La febbre catarrale ovina (Blue Tongue) è tornata a colpire con forza i territori rurali del Centro Italia, confermando un trend purtroppo ricorrente. Ancora una volta, però, il sistema pubblico preposto alla sanità veterinaria sembra non aver risposto con la tempestività e l’efficacia richieste da una situazione così critica.
I protocolli attualmente in vigore appaiono superati rispetto alla realtà epidemiologica e climatica attuale. Le misure di contenimento e prevenzione si sono rivelate insufficienti o, in diversi casi, non applicate in modo concreto.

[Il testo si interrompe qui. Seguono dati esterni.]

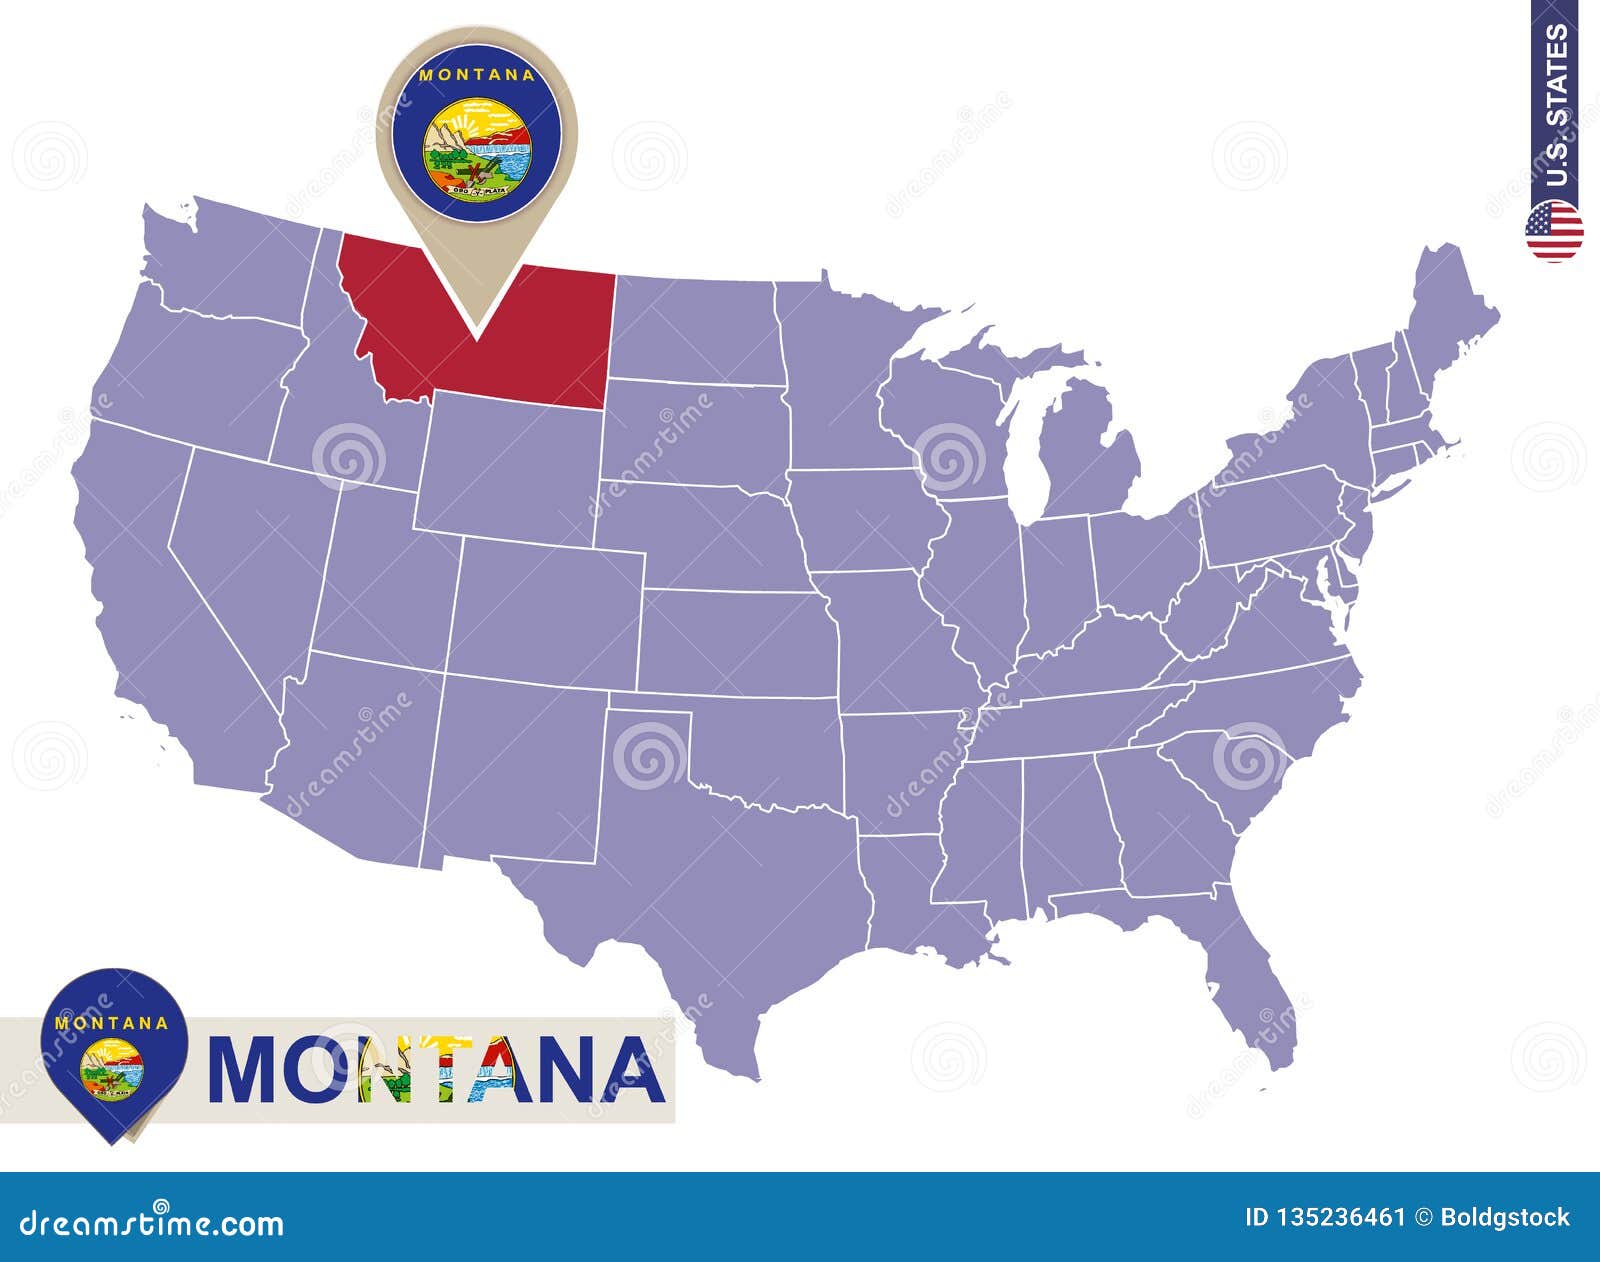 Montana State On Usa Map Montana Flag And Map Stock Vector

Da tempo erano noti segnali di allerta, ma nonostante ciò non si è assistito all’attivazione di piani vaccinali aggiornati o campagne di disinfestazione coordinate.
Nel contesto attuale, molti allevatori segnalano la difficoltà di ricevere un’assistenza veterinaria efficace. A fronte di numerose richieste di intervento, il supporto sul campo è stato percepito come limitato, con un approccio prevalentemente amministrativo piuttosto che operativo.
Questa situazione genera un grave senso di solitudine nelle aziende zootecniche, che continuano a garantire presidio del territorio, economia locale e qualità alimentare.
Non si tratta di puntare il dito, ma di richiamare con forza le istituzioni a un’assunzione di responsabilità concreta e non più rimandabile. Serve un piano chiaro, operativo e condiviso per tutelare sia la salute animale sia la sopravvivenza delle imprese agricole.
Il blocco alla movimentazione degli animali, la mancanza di vaccinazioni disponibili, le perdite economiche ingenti e l’assenza di coperture assicurative stanno mettendo in seria difficoltà molte aziende familiari. È fondamentale che le autorità competenti affrontino l’emergenza con strumenti straordinari, risorse adeguate e una rinnovata attenzione al territorio.
Gli allevatori continuano a fare la loro parte. Ora tocca a chi ha il dovere di proteggerli fare la propria.